** Opening Collected material block **

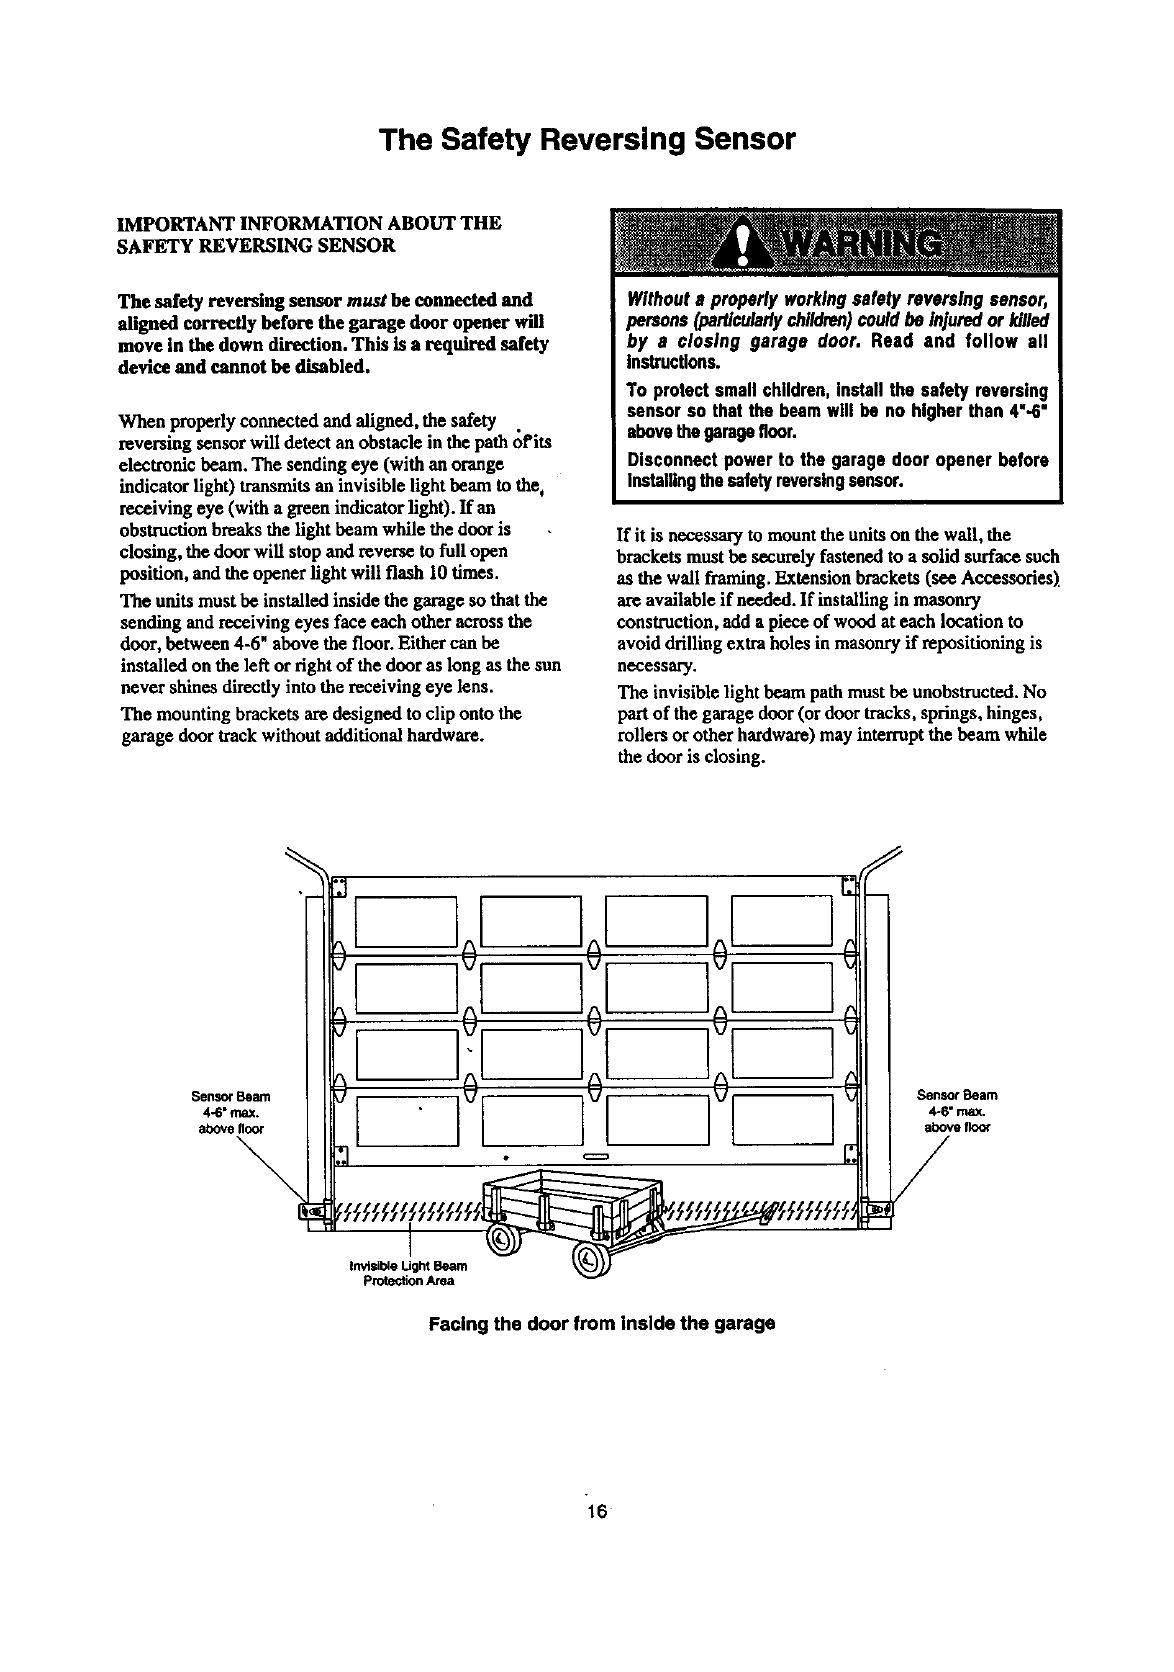 Craftsman 13953963srt User Manual Garage Door Opener Manuals And Safety Reversing Sensor Wiring Diagram Guides L9060009
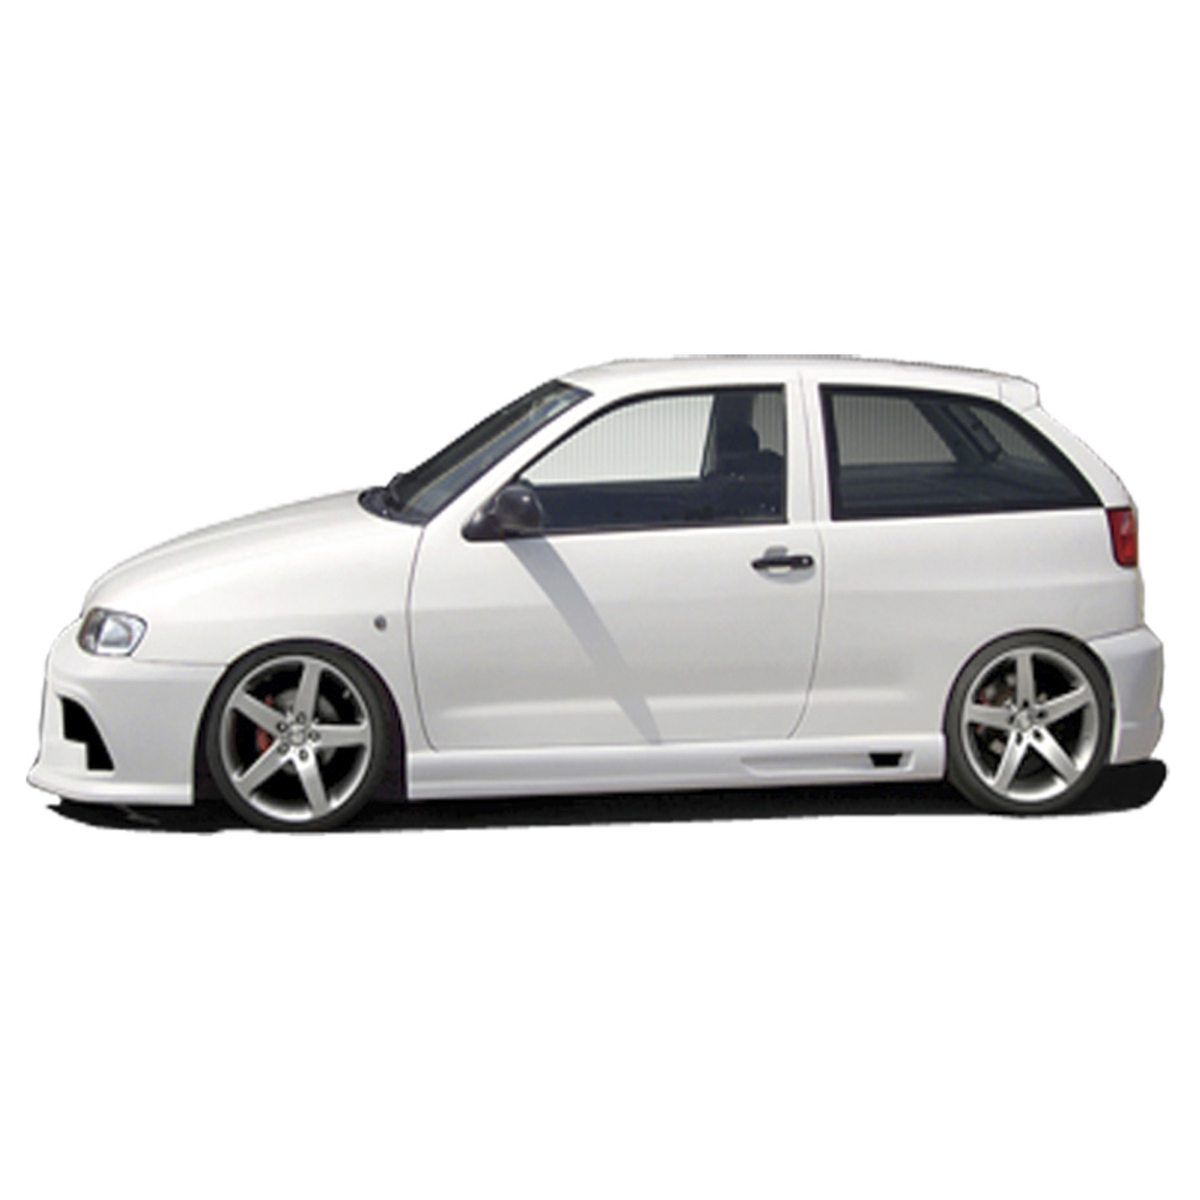 Seat-Ibiza-2000-Terminator-Emb
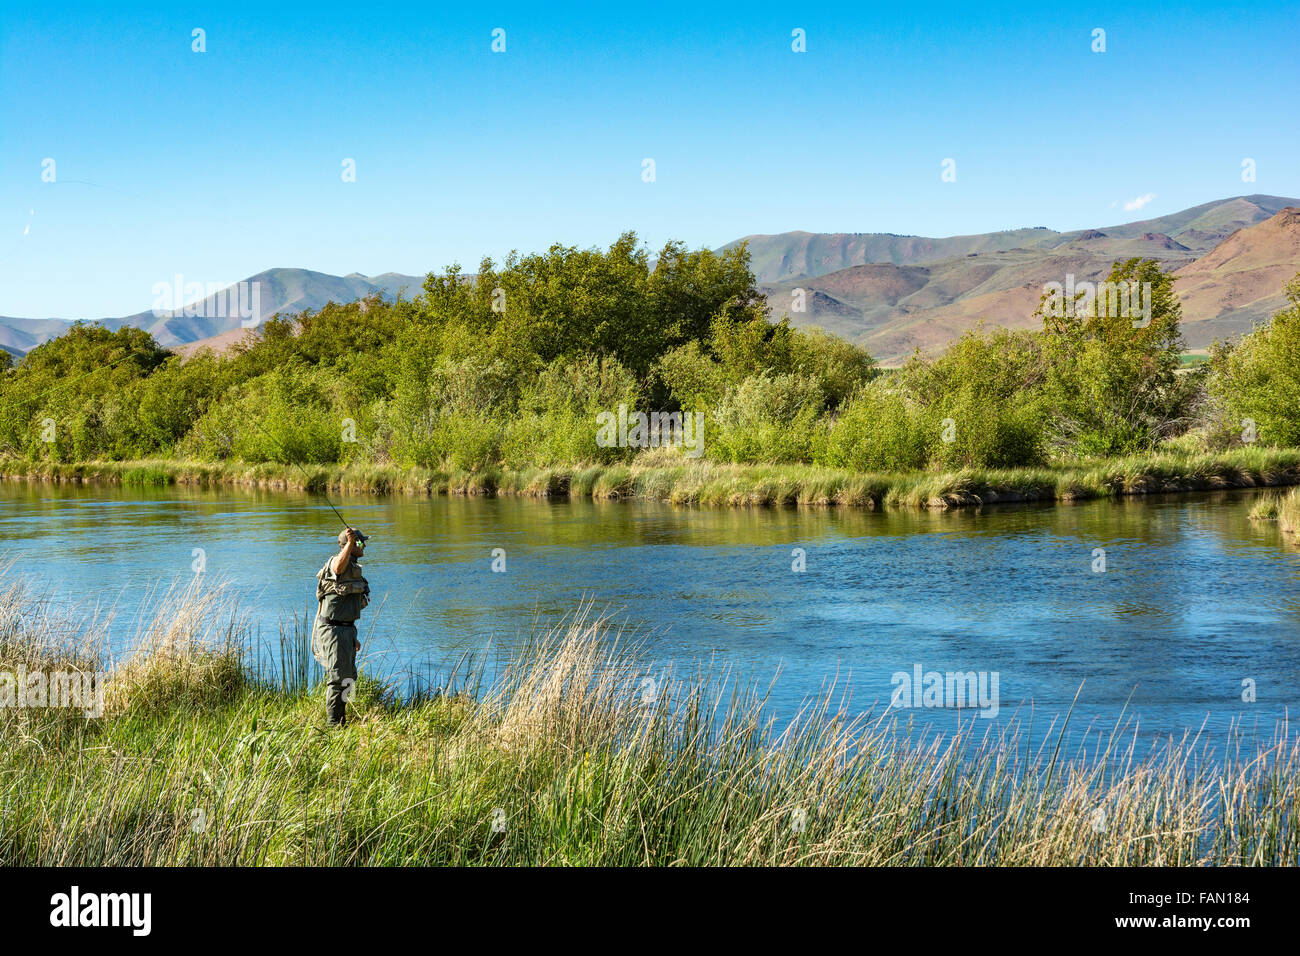 Idaho, Bellevue, Silver Creek Preserve, fly fisherman trout fishing - Stock Image

** Closing Collected material block **

> What you need to do
Could you write out every line above exactly as it stands, with no images?

> Exercise response
 Craftsman 13953963srt User Manual Garage Door Opener Manuals And Safety Reversing Sensor Wiring Diagram Guides L9060009
 Seat-Ibiza-2000-Terminator-Emb
 Idaho, Bellevue, Silver Creek Preserve, fly fisherman trout fishing - Stock Image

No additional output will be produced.